OTTAWA, Nov. 27 /CNW Telbec/ - The Inquiry Committee into the conduct of
Justice Theodore Matlow, of the Ontario Superior Court of Justice, has
completed a pre-hearing conference in Toronto on 19 November 2007. A
transcript of the proceedings is available on the Council's website at
The Inquiry Committee will conduct a full hearing into this matter
beginning 8 January 2008, at 9 a.m., at 180 Queen Street West (courtroom 7C),
Toronto, Ontario. The hearing will be open to the public.

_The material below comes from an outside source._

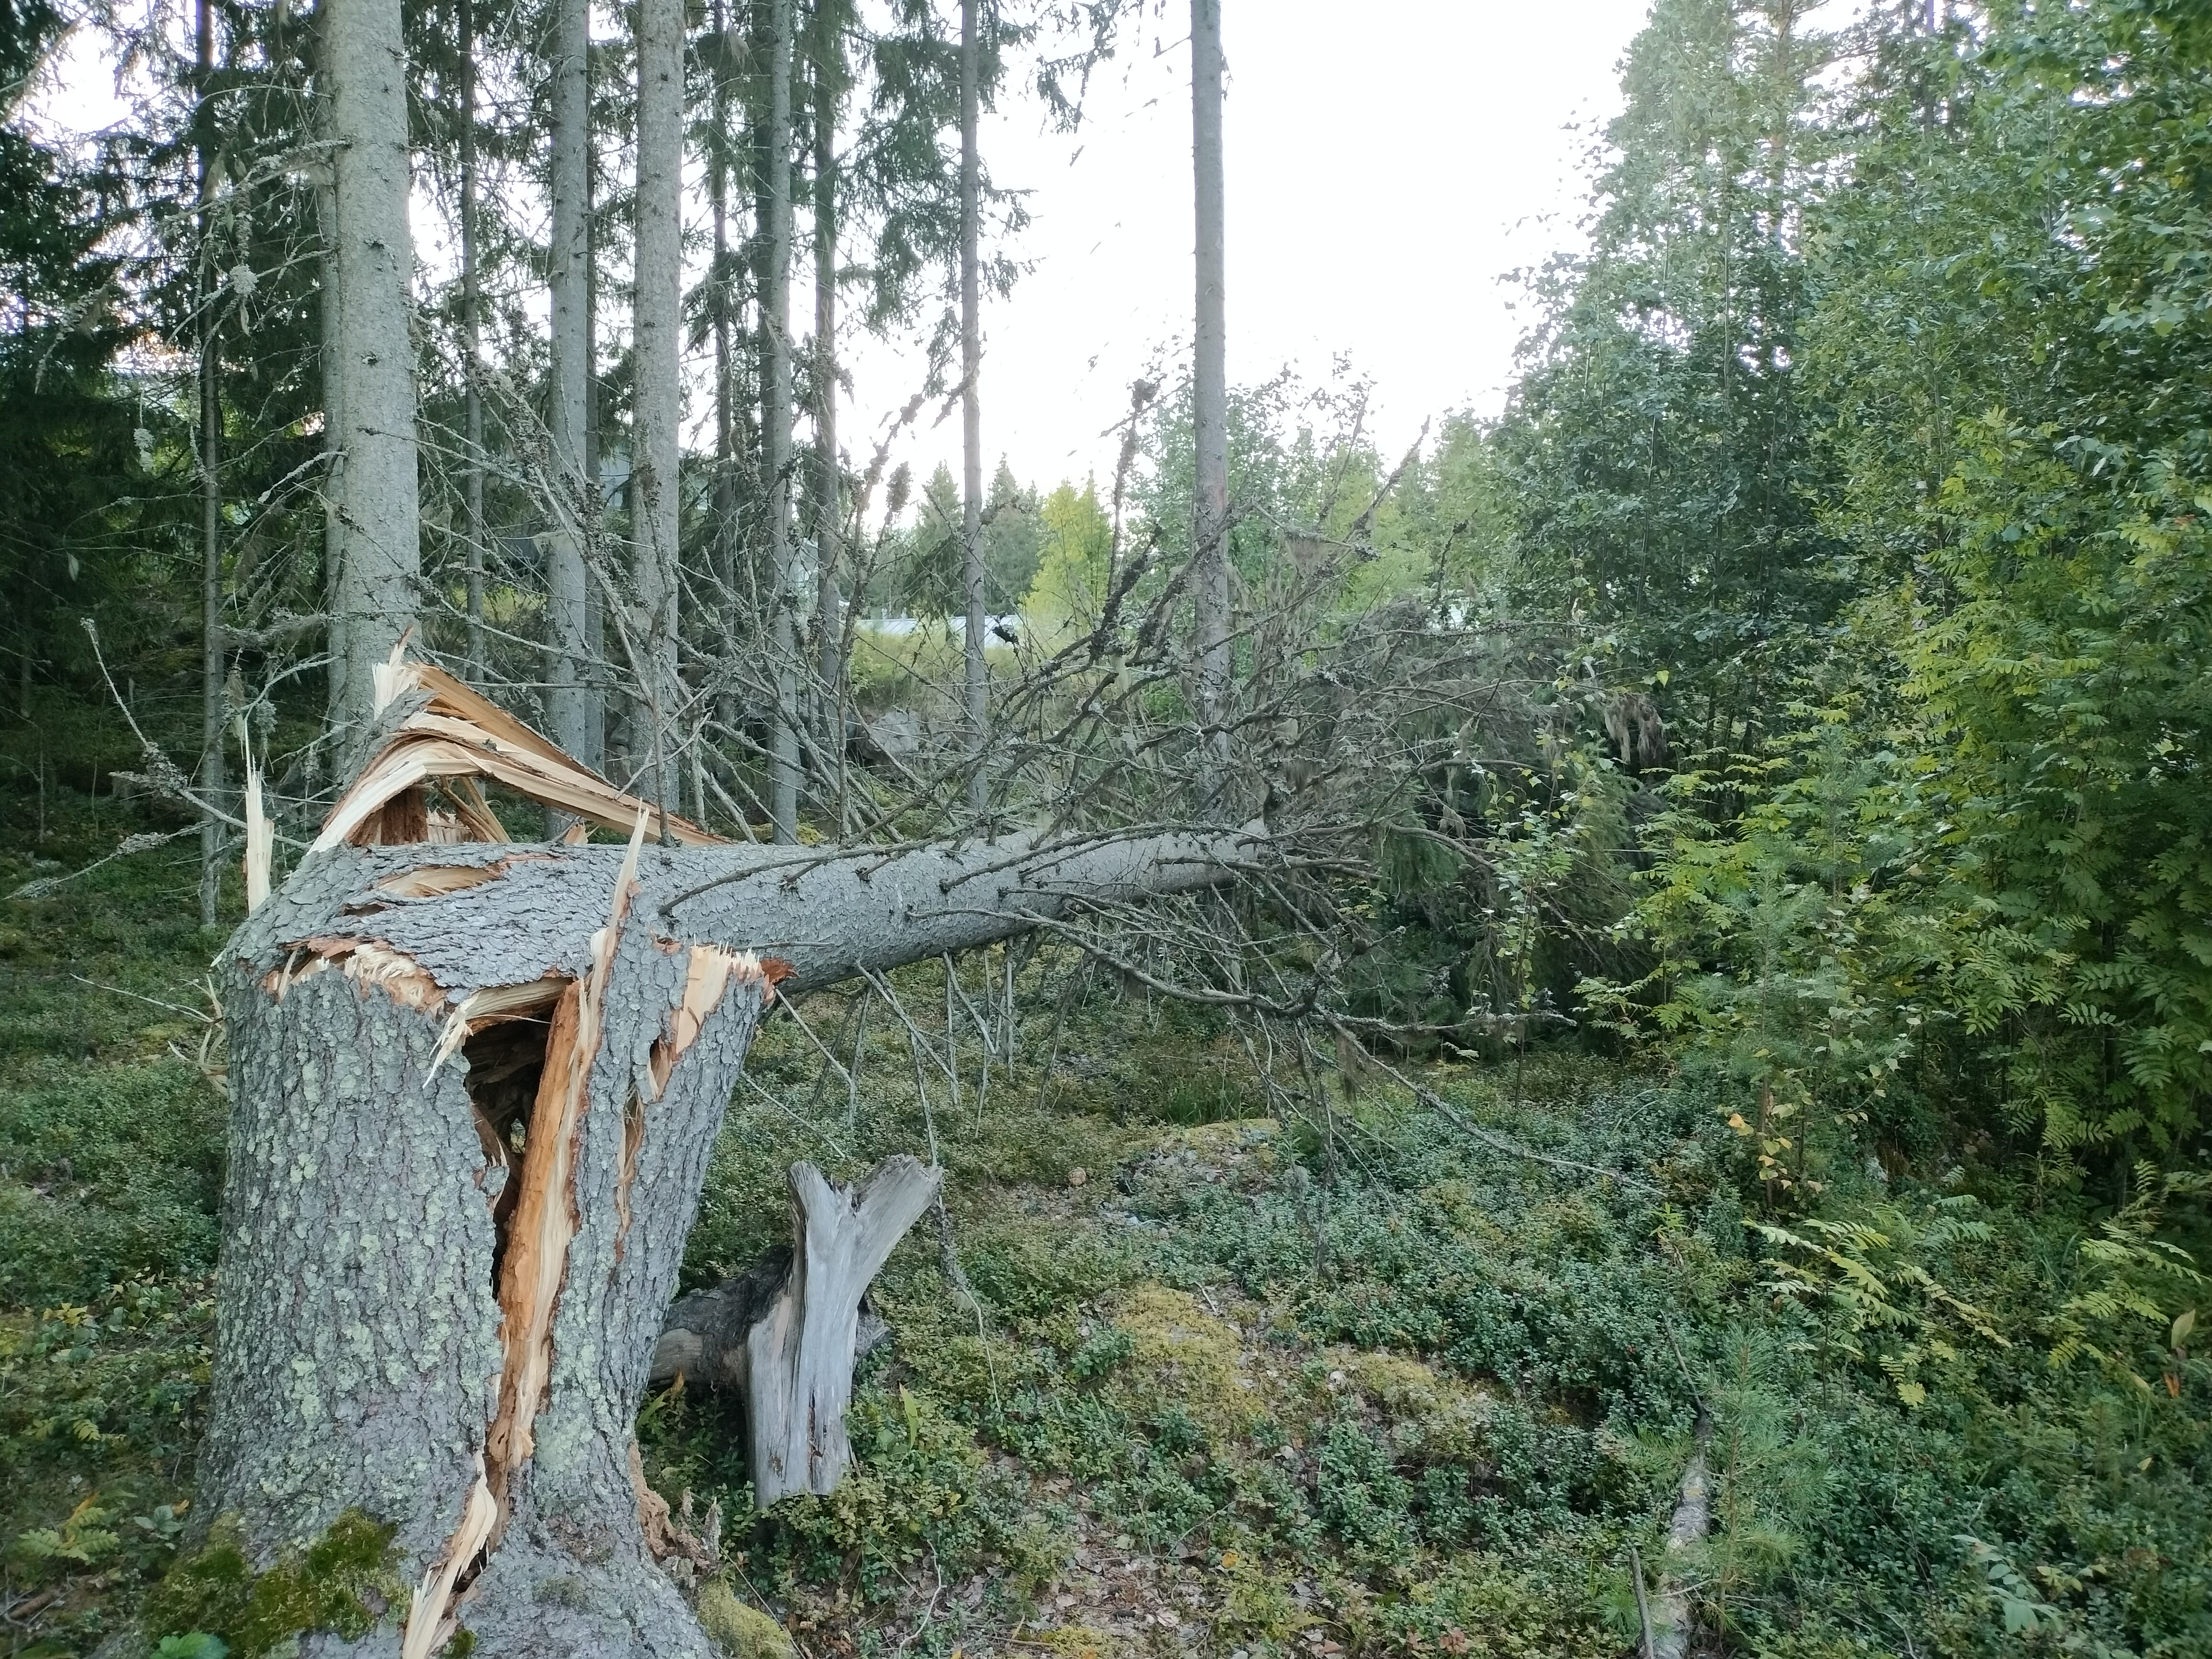 The storm is expected to bring dangerously strong winds to Finland
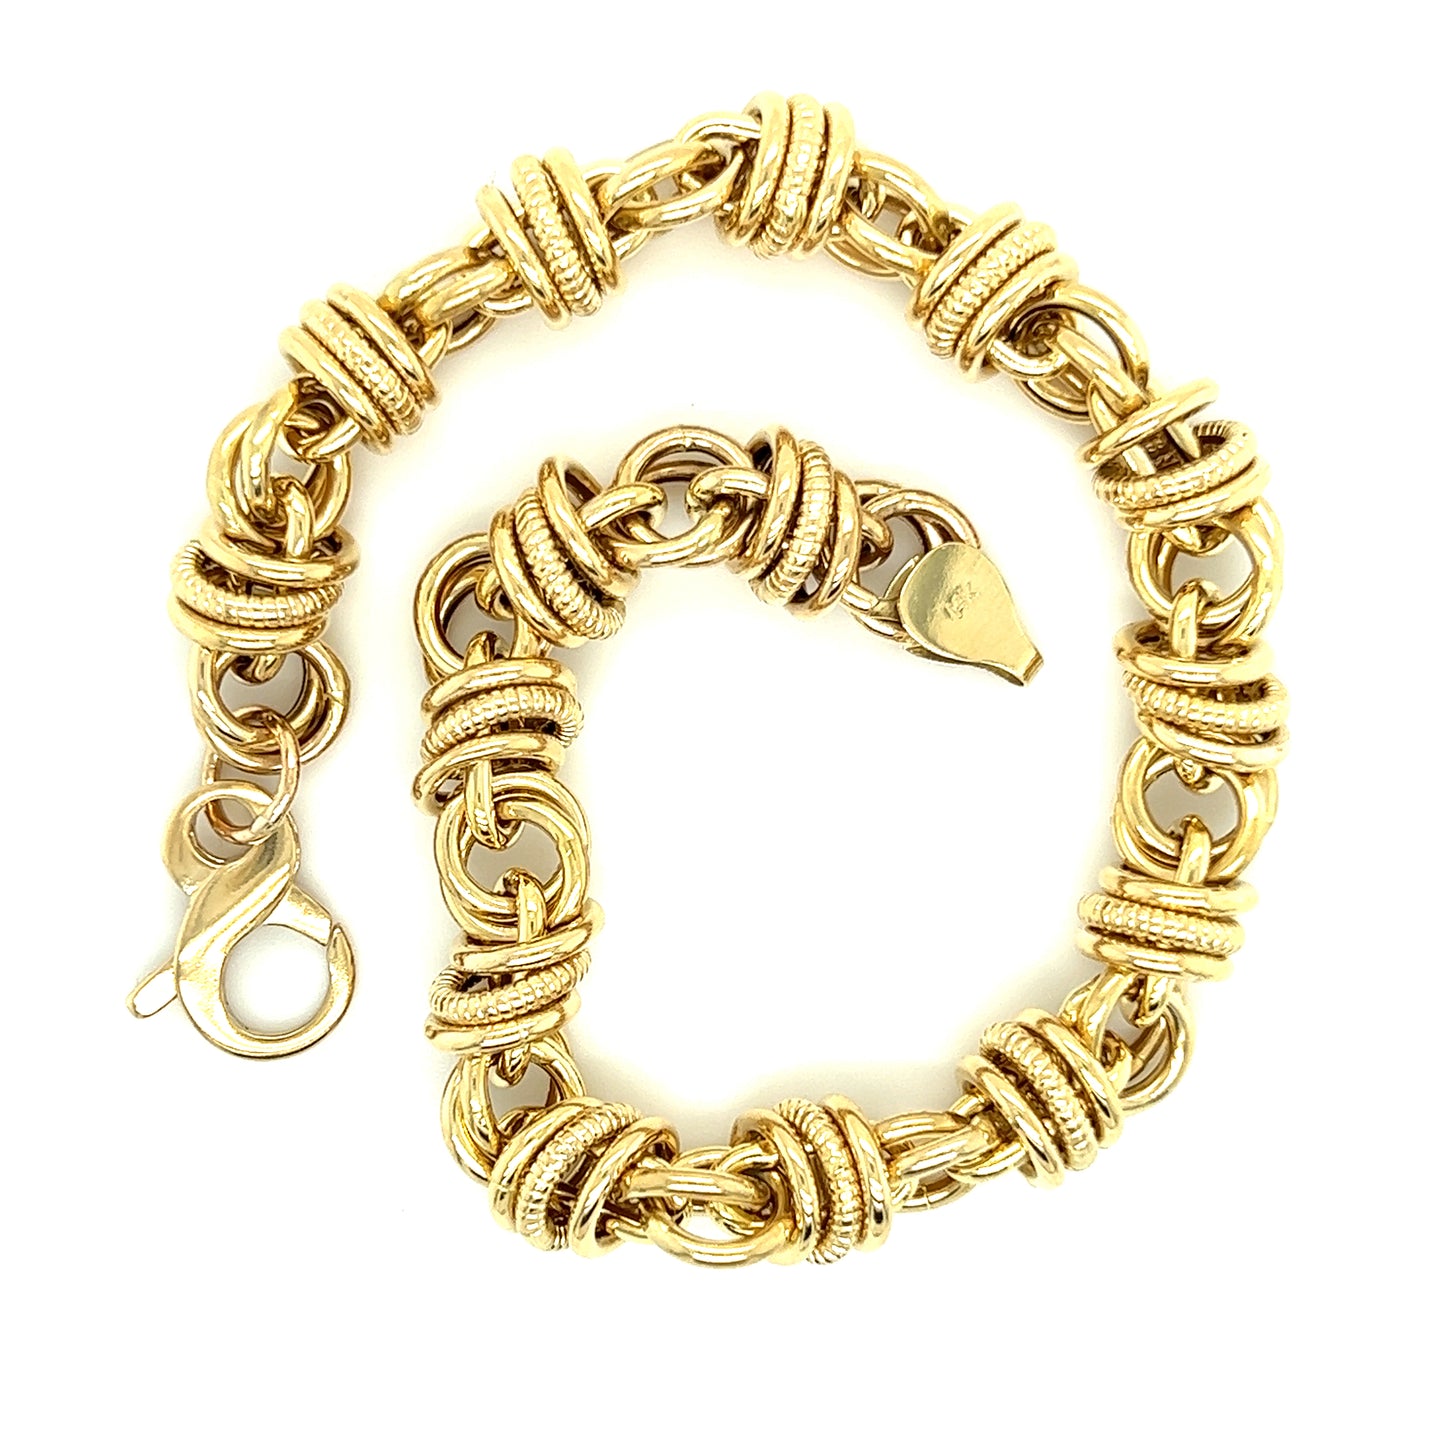 Double Link Bracelet with Loose Rings in 14K Yellow Gold Open Clasp Top View

After the inquiry has concluded, the Committee will report its findings
and its conclusions to the Canadian Judicial Council in respect of whether or
not a recommendation should be made for the removal of Justice Matlow from
office. The Council will then decide whether to make a recommendation to the
Minister of Justice that Justice Matlow be removed from office for any of the
reasons set out in section 65(2) of the Judges Act. In accordance with
Canada's Constitution, a judge may only be removed from office through a joint
resolution of Parliament. The Council's mandate, under the Judges Act, is to
make a recommendation in that regard.
The Canadian Judicial Council is composed of the chief justices and
associate chief justices of Canada's superior courts. Information about the
Council is available at www.cjc.gc.ca.
The Inquiry Committee consists of three judicial members, appointed by
the Council, and two senior lawyers, appointed by the Minister of Justice. The
members of the Committee are:
- The Honourable Clyde K. Wells, Chief Justice of Newfoundland and
- The Honourable François Rolland, Chief Justice, Superior Court of
- The Honourable Ronald Veale, Senior Judge, Supreme Court of the Yukon
- Maria Lynn Freeland, Senior Crown Prosecutor, of Meadow Lake,
- Douglas M. Hummell, Barrister and Solicitor, of St. Catharines,
Independent counsel, Douglas Hunt of the law firm Hunt Partners LLP, has
been appointed to present the case to the Inquiry Committee. The mandate of
Independent Counsel is to act in the public interest and to bring all relevant
facts and points of law before the Committee for its consideration. Justice
Matlow is represented by Paul Cavalluzzo of the firm Cavalluzzo, Hayes,
Shilton, McIntyre & Cornish LLP.
Complaints and Inquiries process:
When someone believes that a judge's personal conduct (on or off the
bench) is in question, a complaint may be made to the Canadian Judicial
Council. The Council examines only issues of conduct and does not review a
judge's decision in law.
The complaints process is simple: the complaint must be in writing, and
it must concern the conduct of a federally appointed judge. No special forms
are necessary. No legal counsel is required. No fees are charged. To the
extent possible, the Council reviews anonymous complaints in the same way as
complaints that are signed.
When a complaint is made, the question before the Council is ultimately
whether or not a judge's conduct prevents that judge from discharging his
duties as a judge. In such a case, the Council must decide whether or not to
recommend that a judge be removed from office.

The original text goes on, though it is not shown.